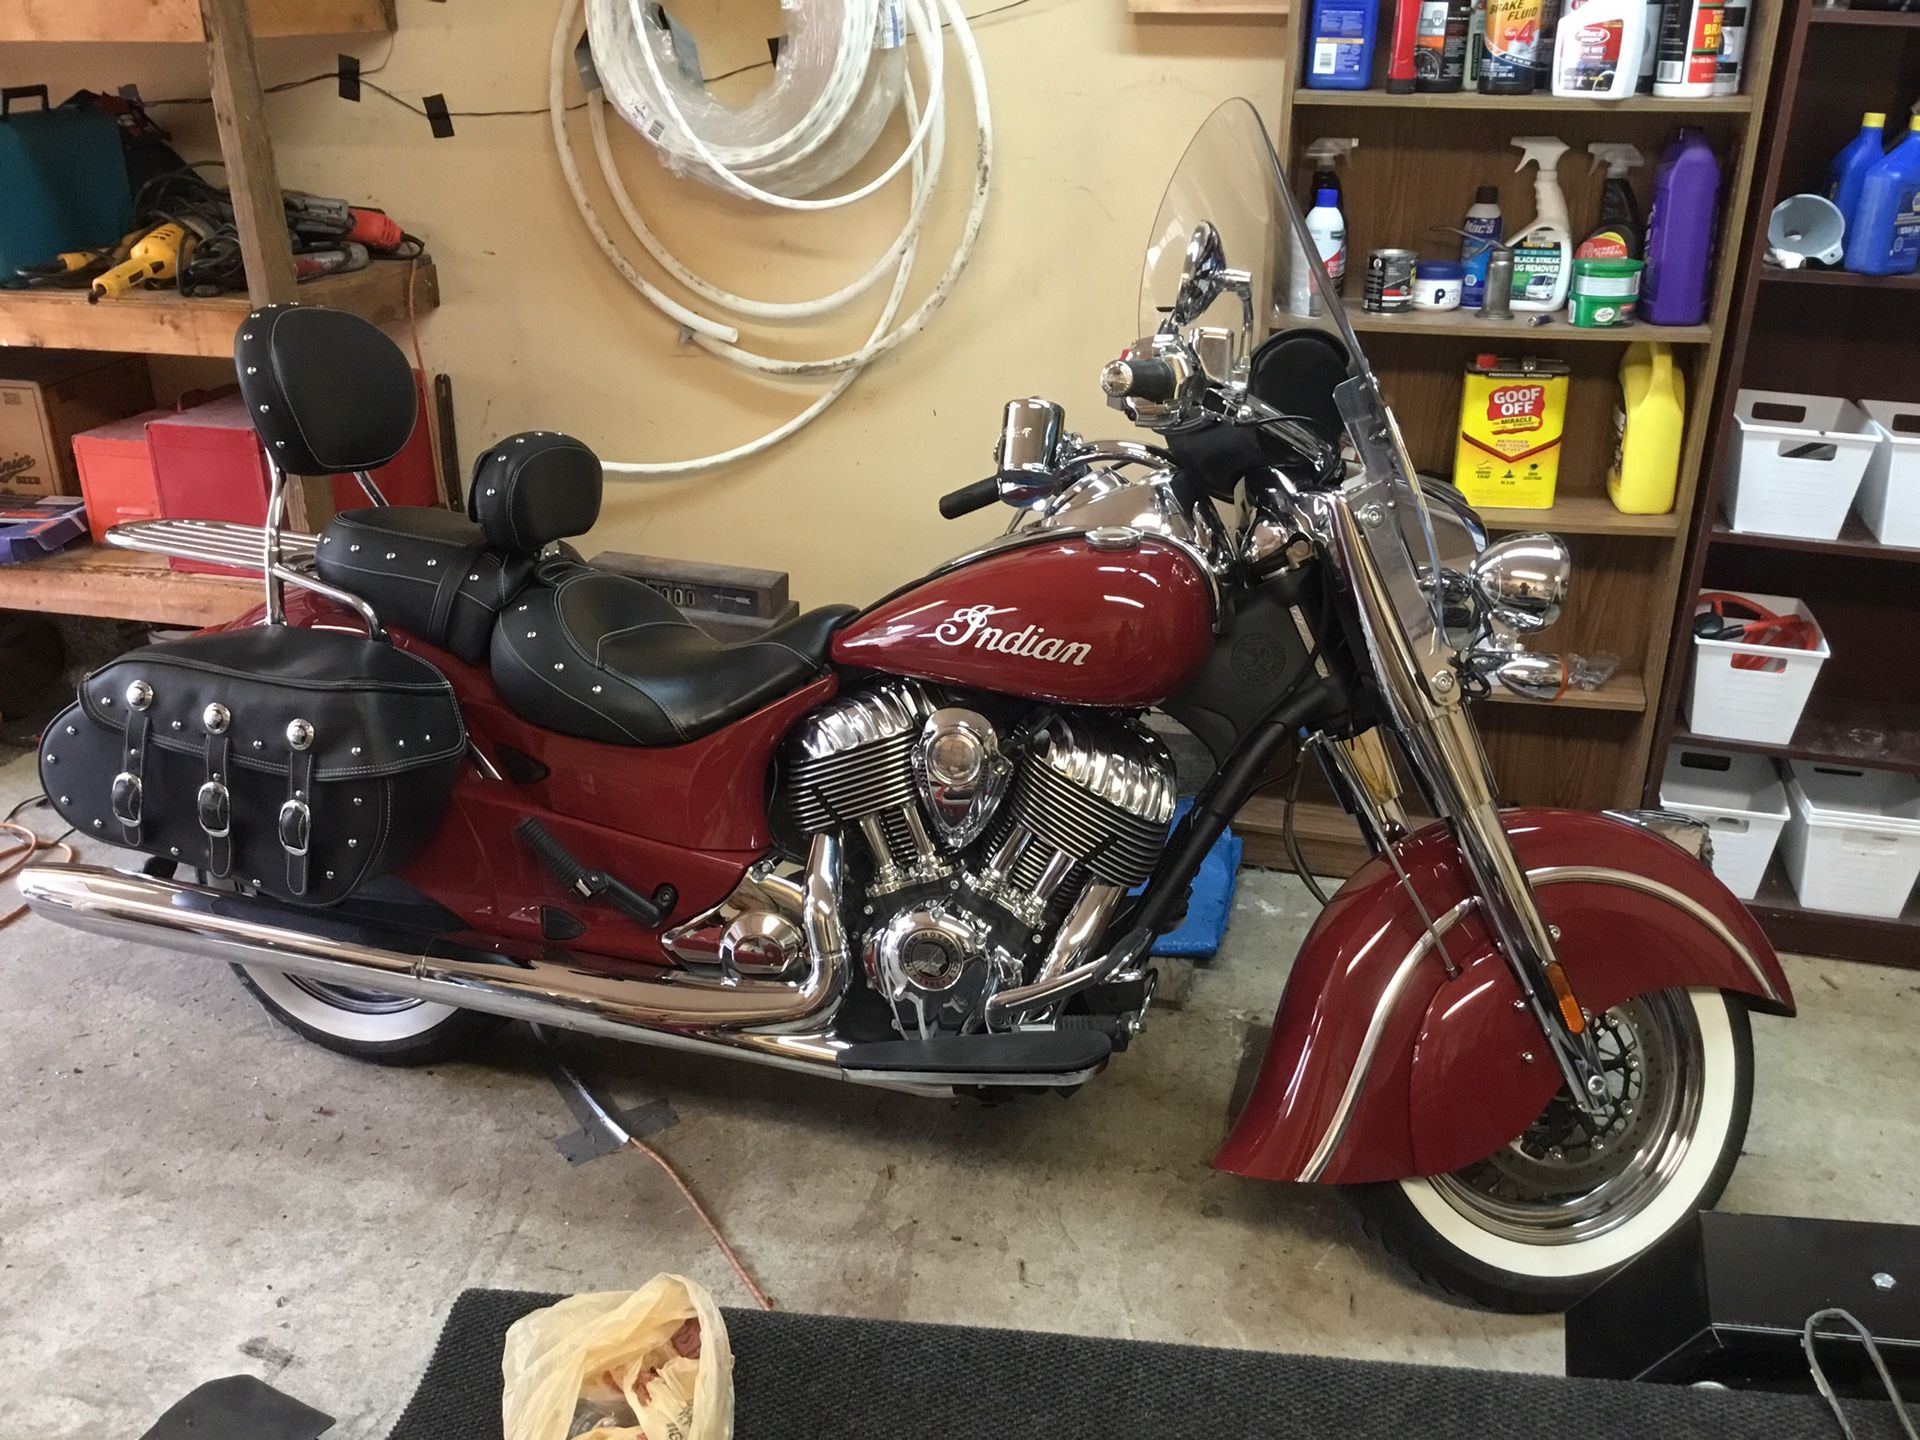 2015 Indian Vintage Chief Touring Motorcycle- clean, low miles
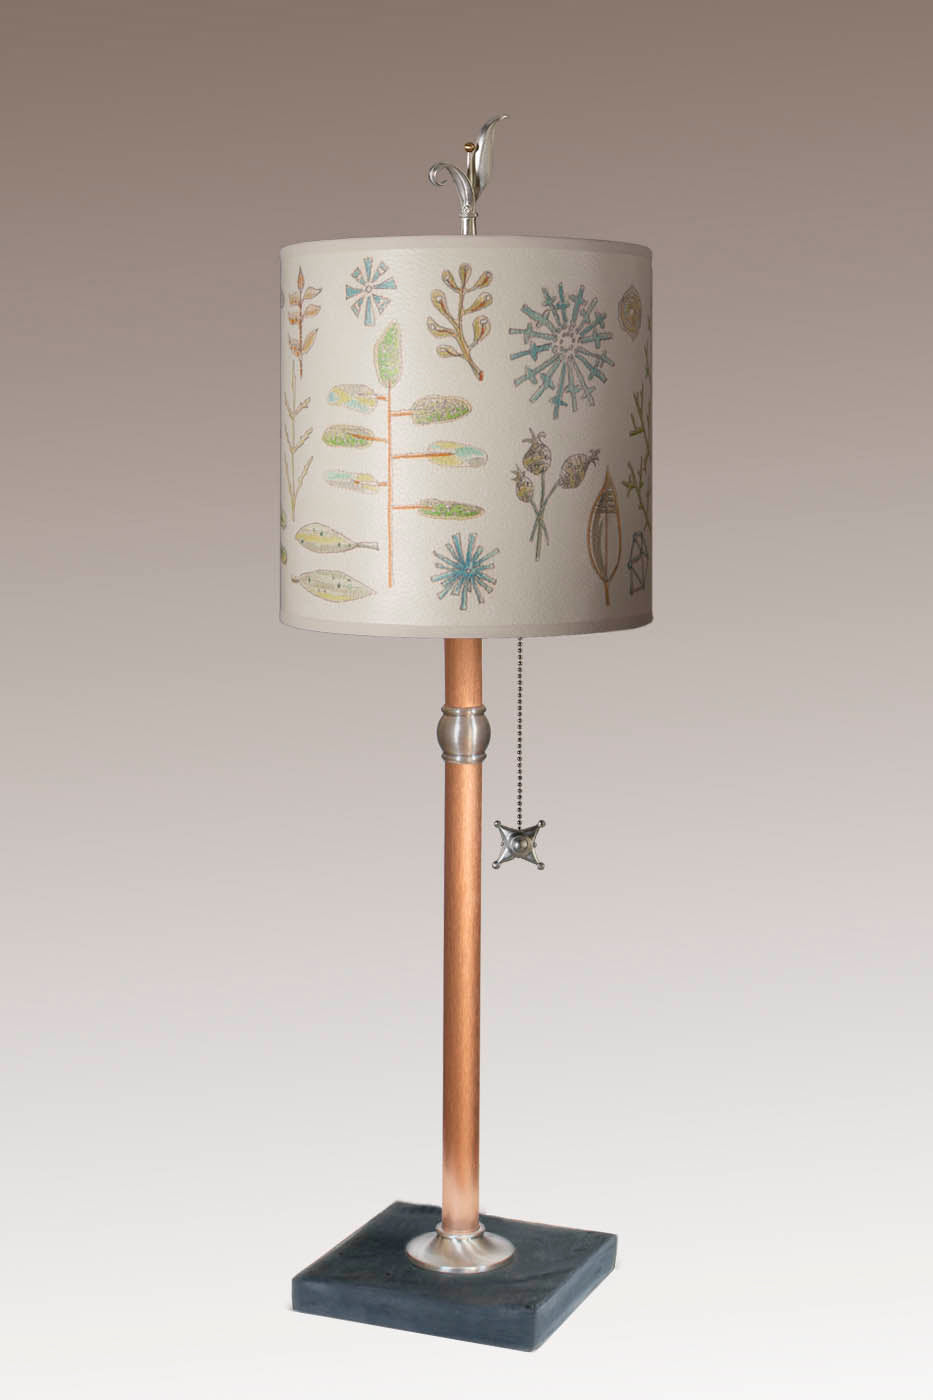 Janna Ugone &amp; Co Table Lamp Copper Table Lamp with Medium Drum Shade in Field Chart
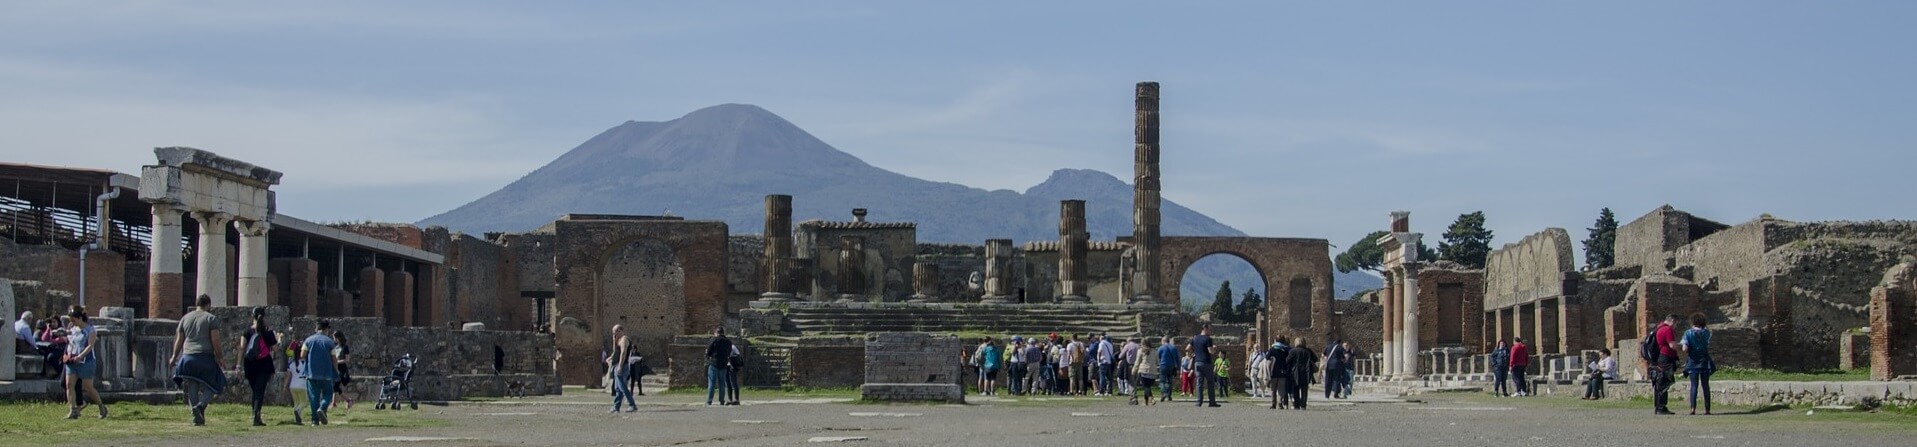 How much does it cost to enter Pompeii?

# [ABOUT THIS TASK]
Pictures stay out. Return exactly the lines from the one with "Janna Ugone &amp;" through the last line of the data.

# [SOLUTION FOR THIS PROBLEM]
 Janna Ugone &amp; Co Table Lamp Copper Table Lamp with Medium Drum Shade in Field Chart
 How much does it cost to enter Pompeii?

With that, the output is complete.